• PROBLEM DESCRIPTION: Look through the listing below for the line with "A man soldering a machine in a workshop" and the line with "1win Aviatrix é". Copy both, along with every line between them, exactly and with no pictures.

• EXCERPTED DATA:
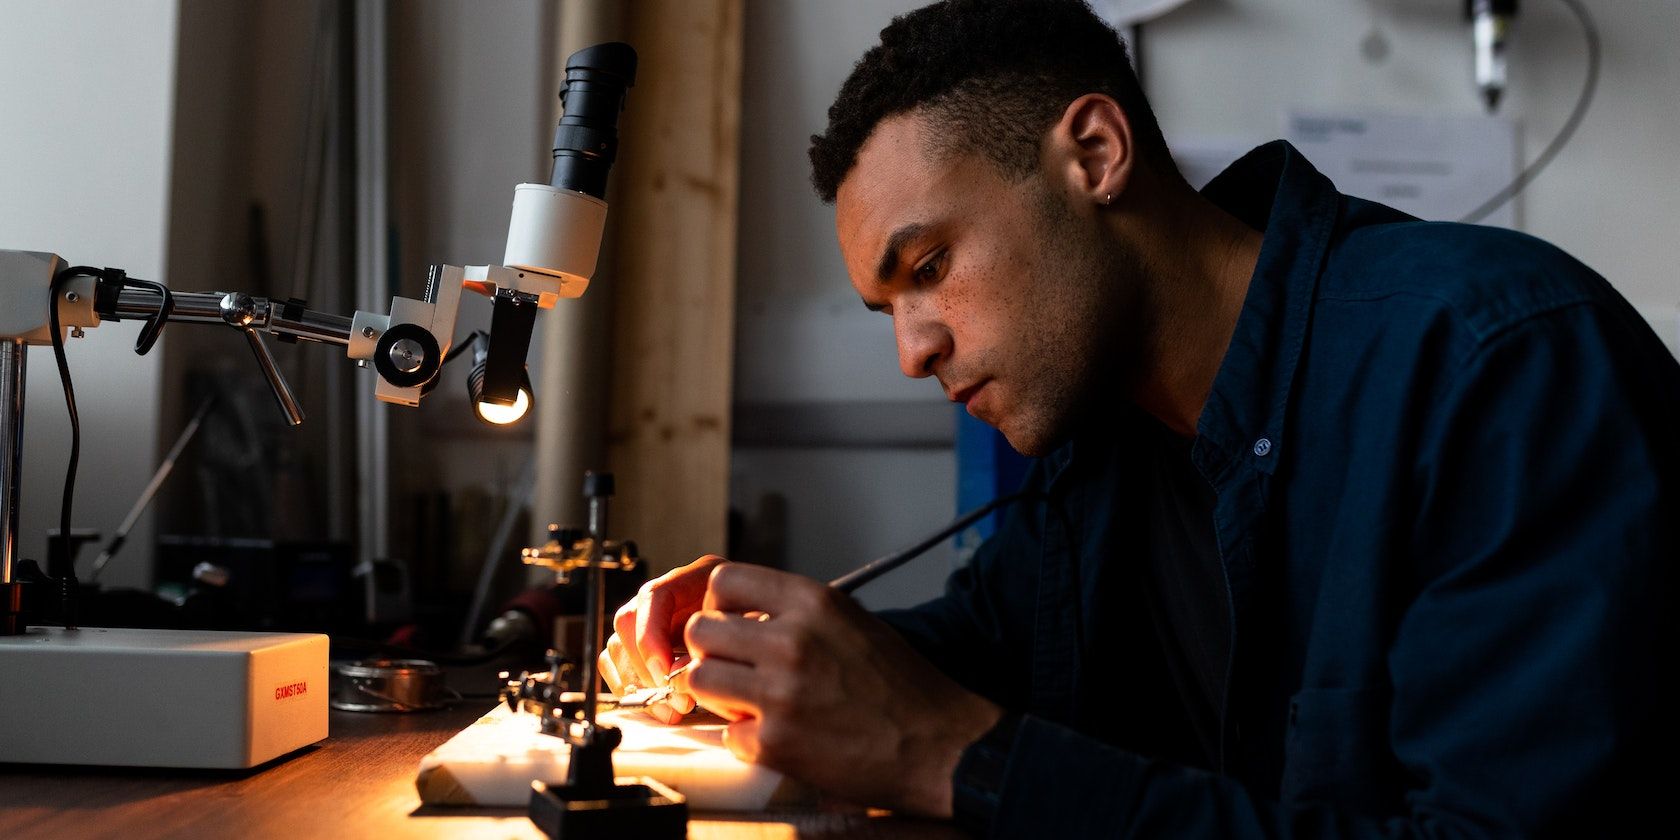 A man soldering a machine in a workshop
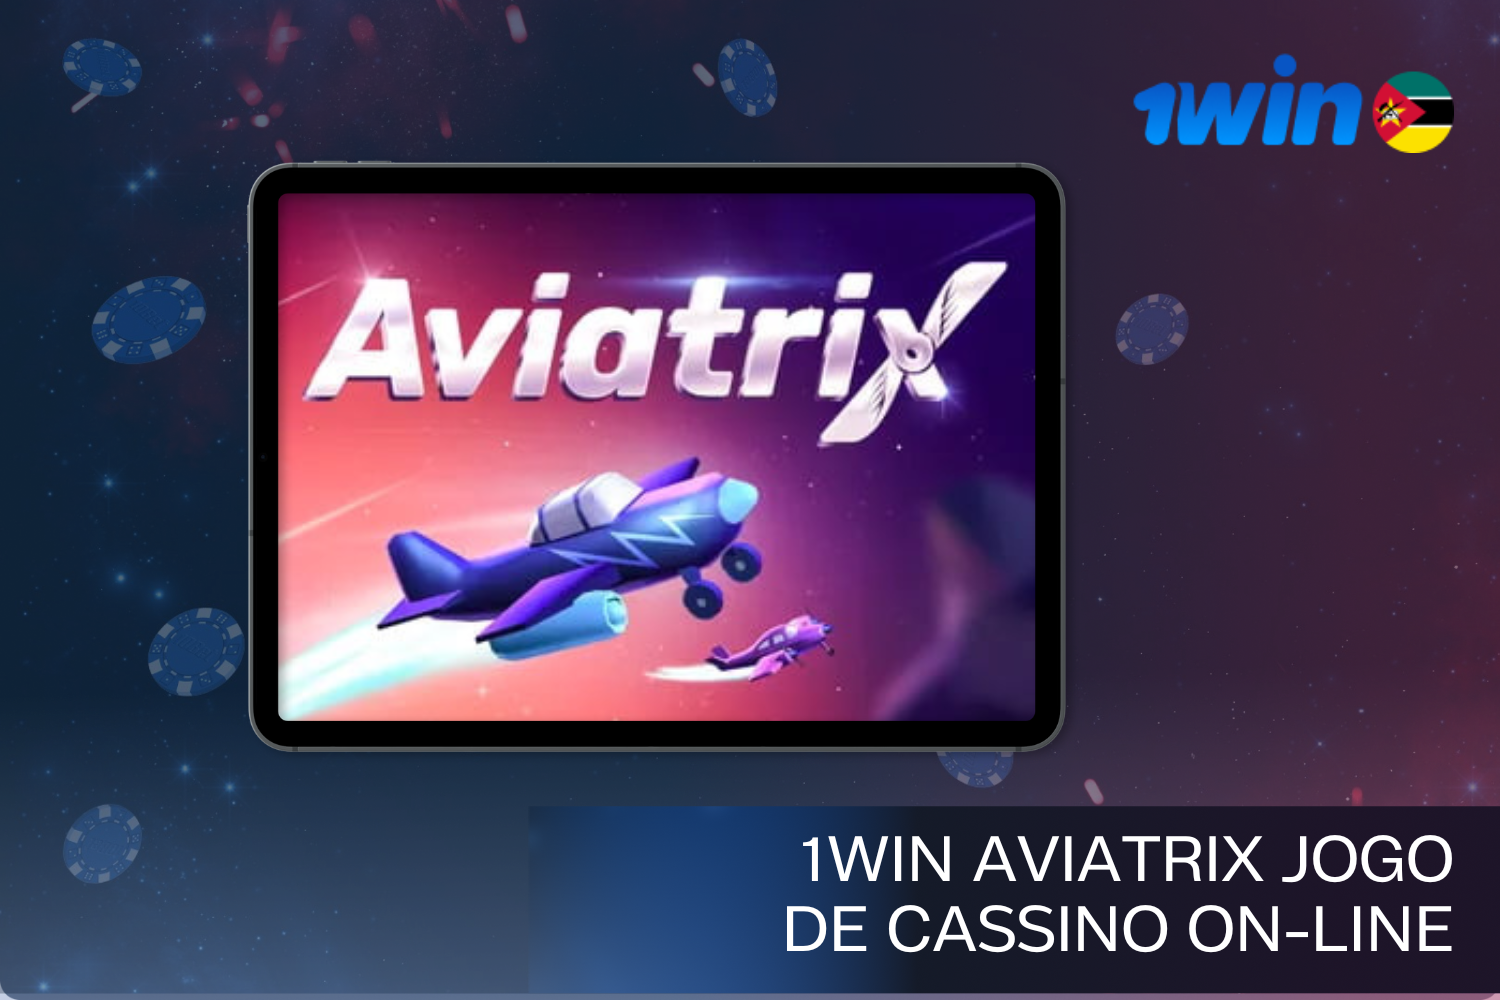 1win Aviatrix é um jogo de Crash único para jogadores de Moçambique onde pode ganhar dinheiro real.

--

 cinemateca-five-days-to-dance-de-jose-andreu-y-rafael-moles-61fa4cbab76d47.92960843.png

...

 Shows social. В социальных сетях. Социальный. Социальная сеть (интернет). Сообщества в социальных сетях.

• ANSWER SPACE:
 A man soldering a machine in a workshop
 1win Aviatrix é um jogo de Crash único para jogadores de Moçambique onde pode ganhar dinheiro real.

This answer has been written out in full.